Although it did not form a basis for the trial judge's decision, it has been argued before this court that, as diazepam is not one of the controlled substances listed in the Code, the defendant did not have fair notice that its sale was a crime. Of course, if the defendant did not have fair notice that the conduct upon which his indictment is based was unlawful, that indictment could not stand. Lanzetta v. New Jersey, 306 U.S. 451, 59 S.Ct. 618, 83 L.Ed. 888 (1939). However, that situation is not presented here. The defendant has been indicted for conduct clearly proscribed by a duly enacted statute, as amplified by the regulations issued pursuant to it, to which the statute makes reference. There is no indication in the record before us that the regulations defining the offense for which the defendant was indicted were not reasonably accessible to any person who would seek them out. Compare State v. King, Minn., 257 N.W.2d 693 (1977) with State v. Dougall, 89 Wn.2d 118, 570 P.2d 135 (1977) and People v. Avery, 67 Ill.2d 182, 9 Ill.Dec. 645, 367 N.E.2d 79 (1977). Therefore, the defendant must be presumed to have known the content of those regulations, and will be held accountable for any violation of them. McKnight v. State, 171 Tenn. 574, 106 S.W.2d 556 (1937); Atkins v. State, 95 Tenn. 474, 32 S.W. 391 (1895).

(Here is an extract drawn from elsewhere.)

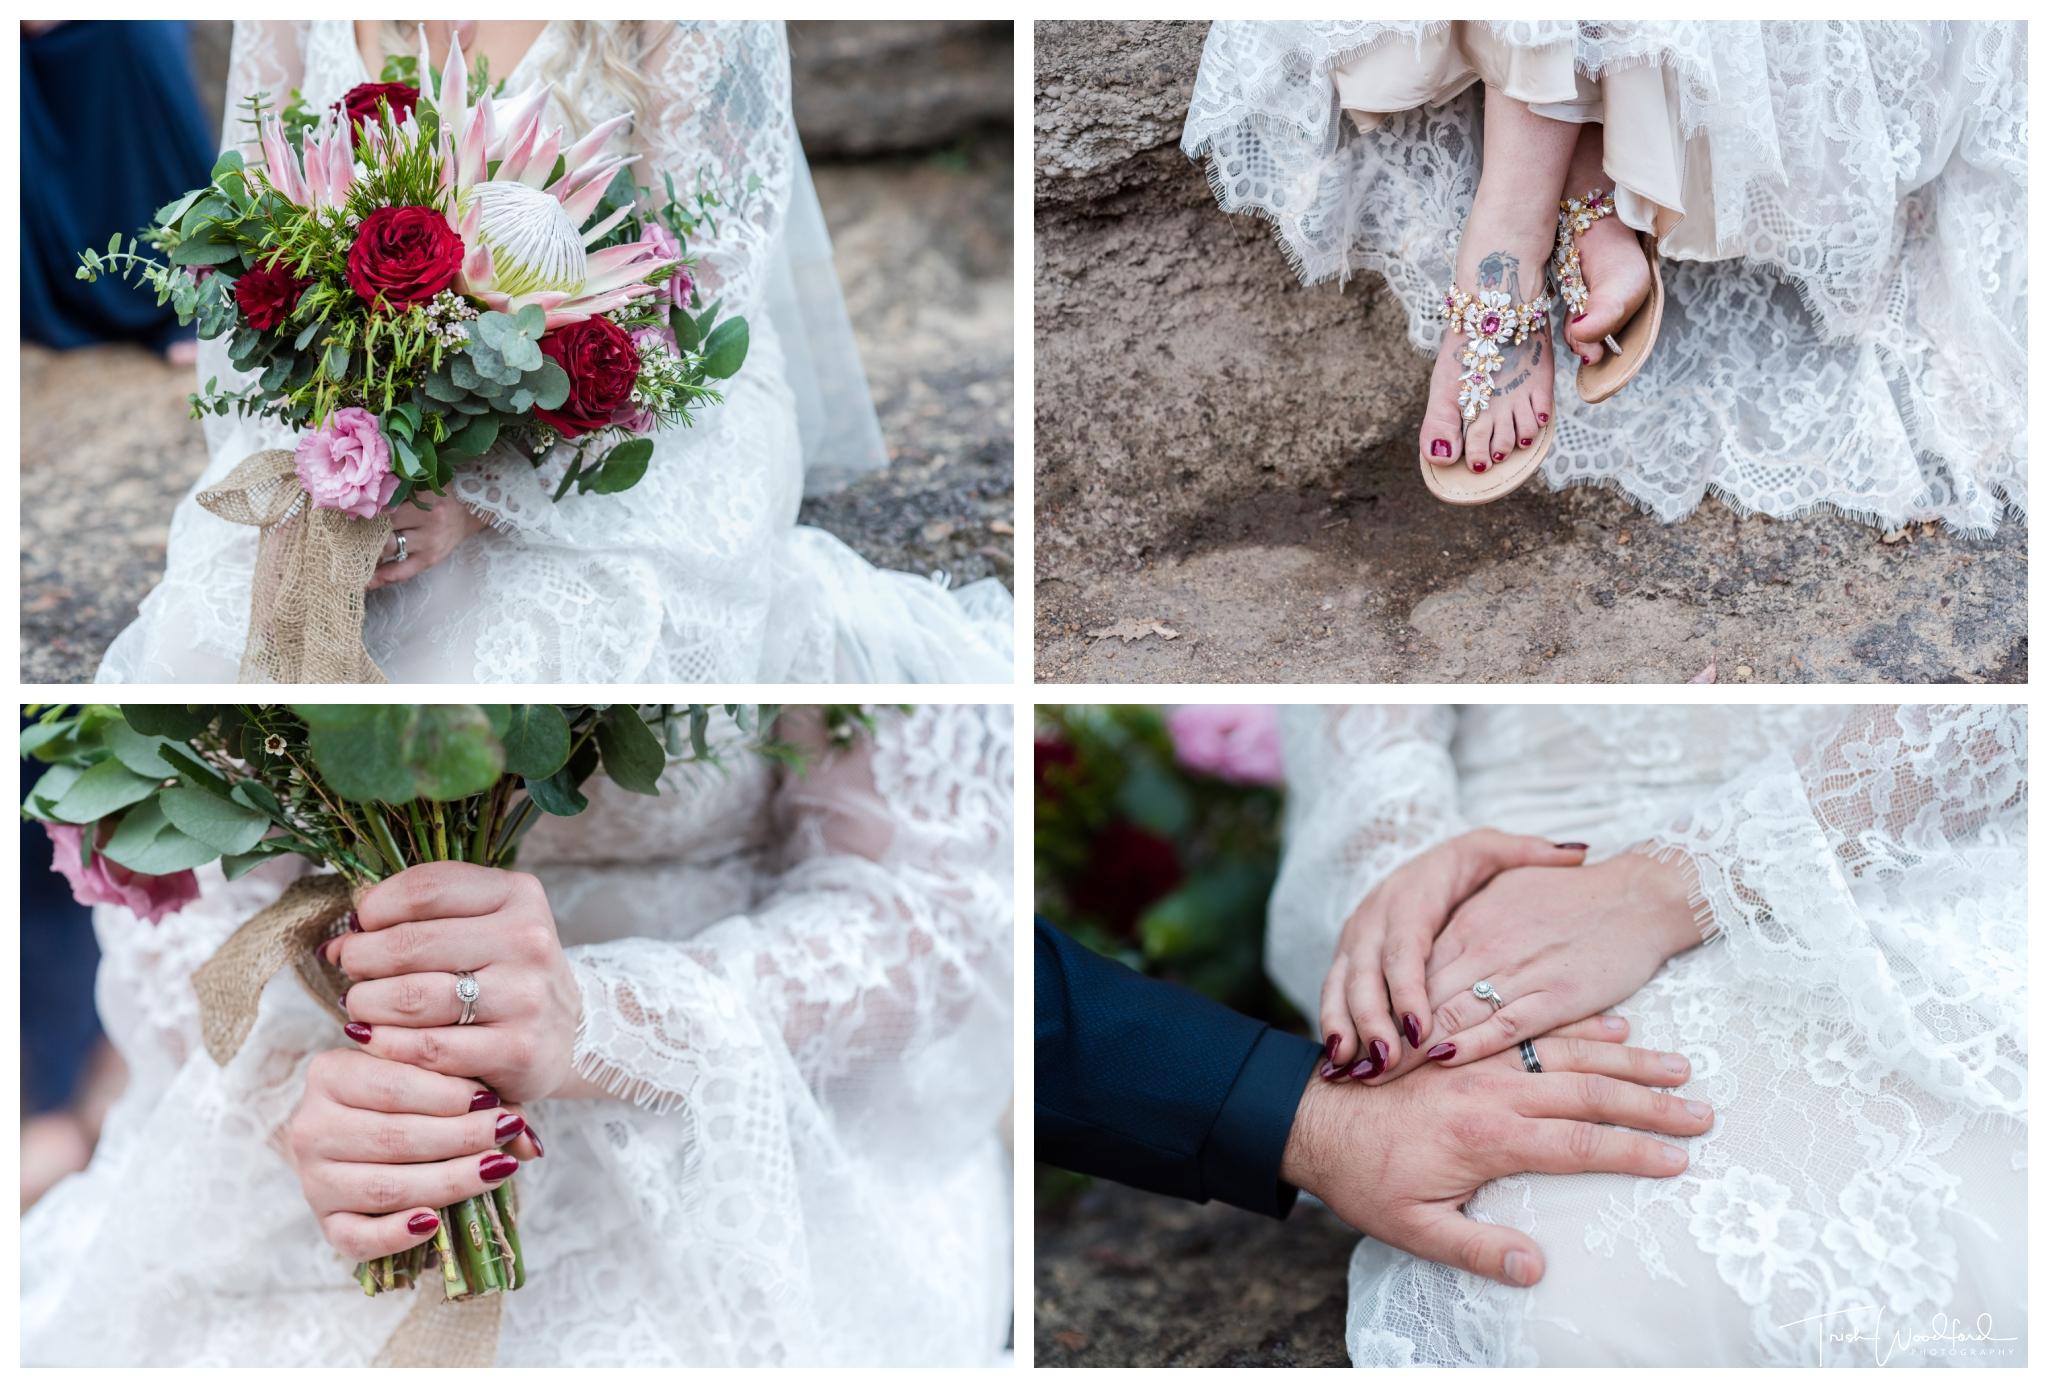 Nanga Bush Wedding Bridal Details

Although not strictly relevant to the question of whether the defendant had notice that his conduct was a violation of state law, in all fairness it should be noted that the sale of diazepam is an offense against federal law as well. 21 C.F.R. § 1308.14.
The judgment of the trial court is reversed, and the cause is remanded for trial.
HENRY, C.J., and FONES, BROCK and HARBISON, JJ., concur.